Machine learning: Regularized regression with glmnet

When predicting an outcome, it is tempting to include many predictors and their interactions. Doing so accords with two beliefs: (1) many things matter and (2) patterns may differ across population subgroups. Yet when the sample size is small, the resulting model can be highly sensitive to the particular sample used for estimation. It may not generalize well to new cases. The sample splitting lesson introduced this issue.

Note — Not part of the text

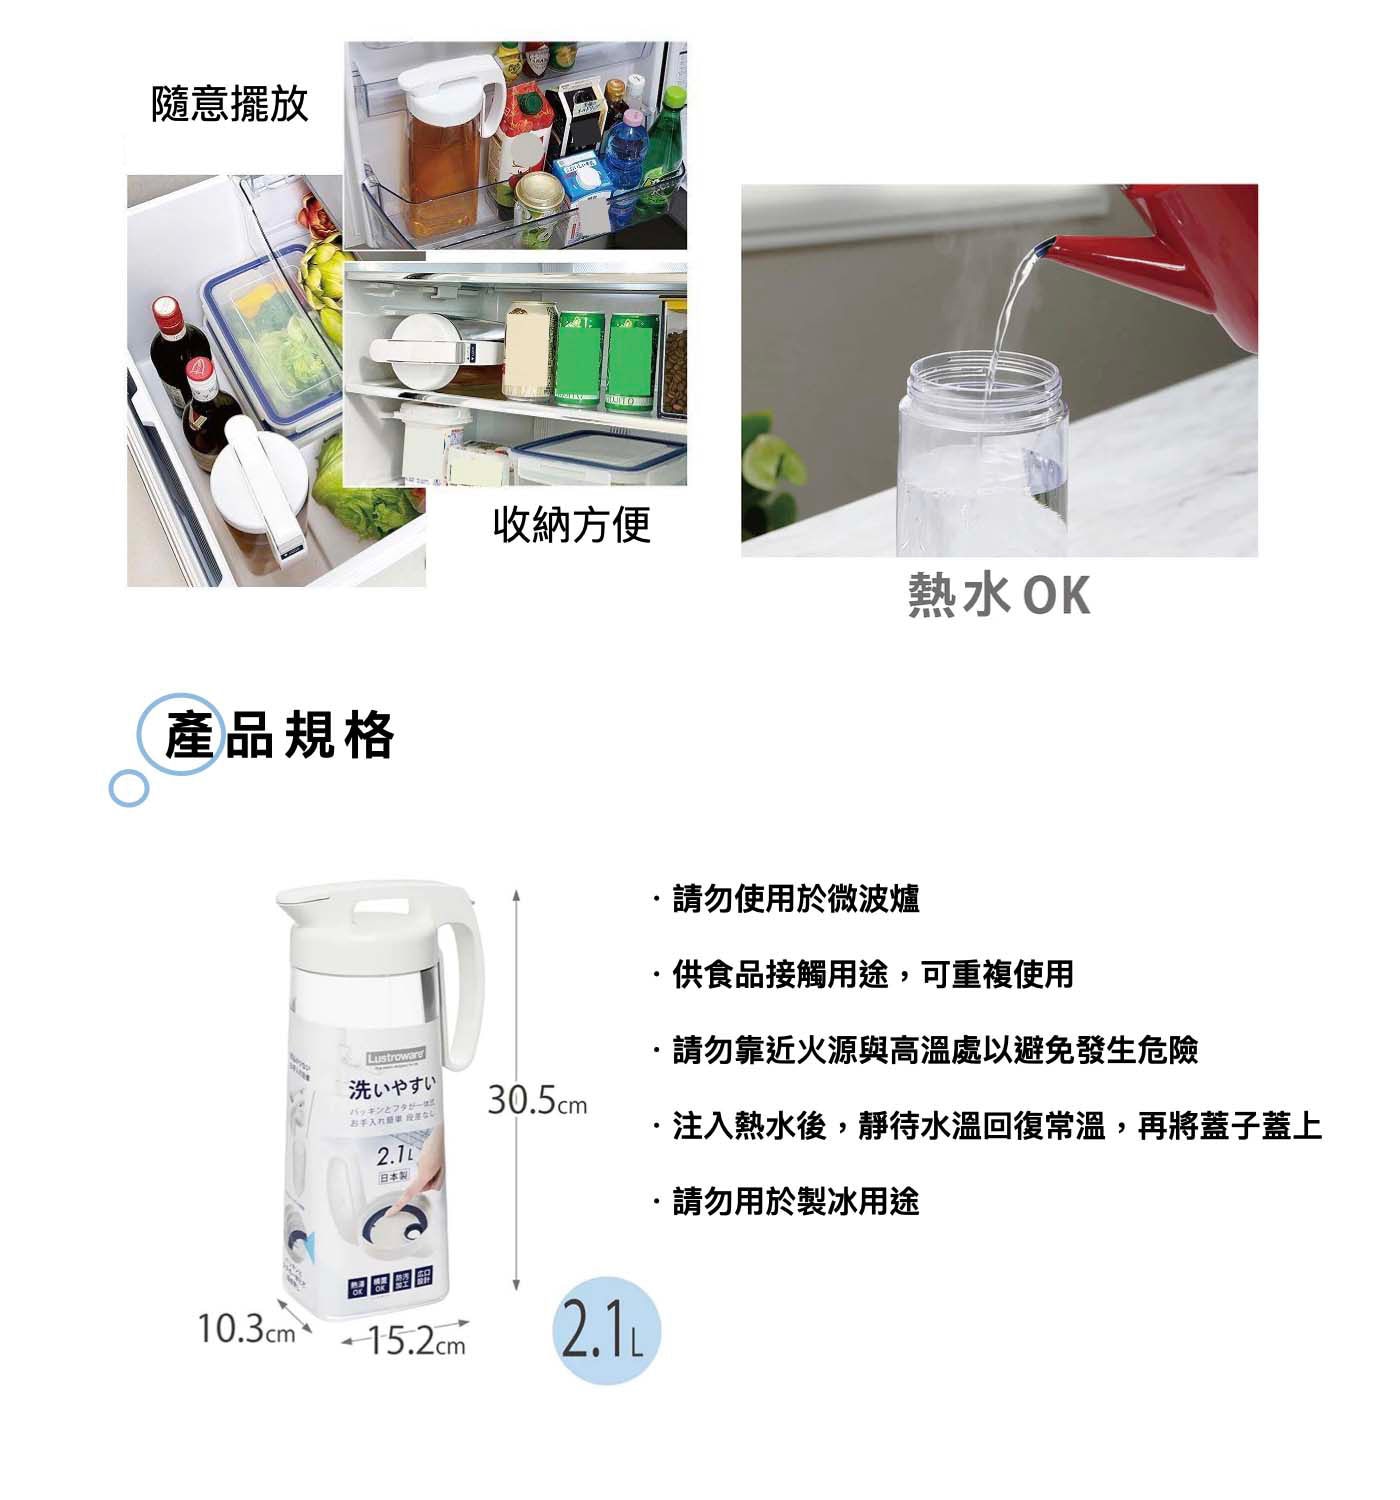 Lustroware 日本岩崎耐熱冷/熱水壺 2.1公升採用AS環保樹脂原料,環保無毒,密封性佳,平放也OK,日本原裝進口。

Regularized regression offers a way out

estimate a model with many predictors
to the degree that you are uncertain, pull the coefficient estimates toward 0

This approach yields biased estimates that are less sensitive to the training sample. It is possible that biased, low-variance estimate are better predictions than unbiased, high-variance estimates. The glmnet package supports this type of estimation. Begin by loading data.

library(tidyverse)
library(glmnet)
learning <- read_csv("learning.csv")
holdout_public <- read_csv("holdout_public.csv")

Type ?glmnet, and you will see that the function requires arguments

x a matrix of predictors
y a vector of outcome values

Create the predictor matrix and outcome vector

We can create x using the model.matrix function, which has two arguments

a model formula
- -1 excludes the intercept (because glmnet will make an intercept for us)
- g2_log_income is parent income
- g1_log_income is grandparent income
a data frame containing variables

X <- model.matrix(~ -1 + g2_log_income + g1_log_income,
                  data = learning)

We can create the outcome vector y by pulling that column (respondent income g3_log_income) from the data frame.

y <- learning$g3_log_income

Fit the model: LASSO regression

We can then fit a glmnet model.

fit <- glmnet(x = X, y = y)

By default, the model is LASSO regression, which minimize a loss function:

The loss function has two parts

squared prediction error
a penalty on large coefficients, scaled by the tuning parameter lambda

By default, glmnet estimates coefficients at a whole series of values for the penalty parameter lambda.

When the penalty parameter lambda is small, the prediction error dominates the loss function. At the far left, we get coefficients that are the same as we would get from OLS.

When the penalty parameter lambda is large, the penalty term dominates the loss function. At penalty parametesr above $\lambda \approx .1$ the coefficient on grandparent log income is regularized to 0—this predictor drops out of the model entirely. By $\lambda \approx .3$, both estimated coefficients are 0 and the model collapses on predicting the mean outcome for everyone.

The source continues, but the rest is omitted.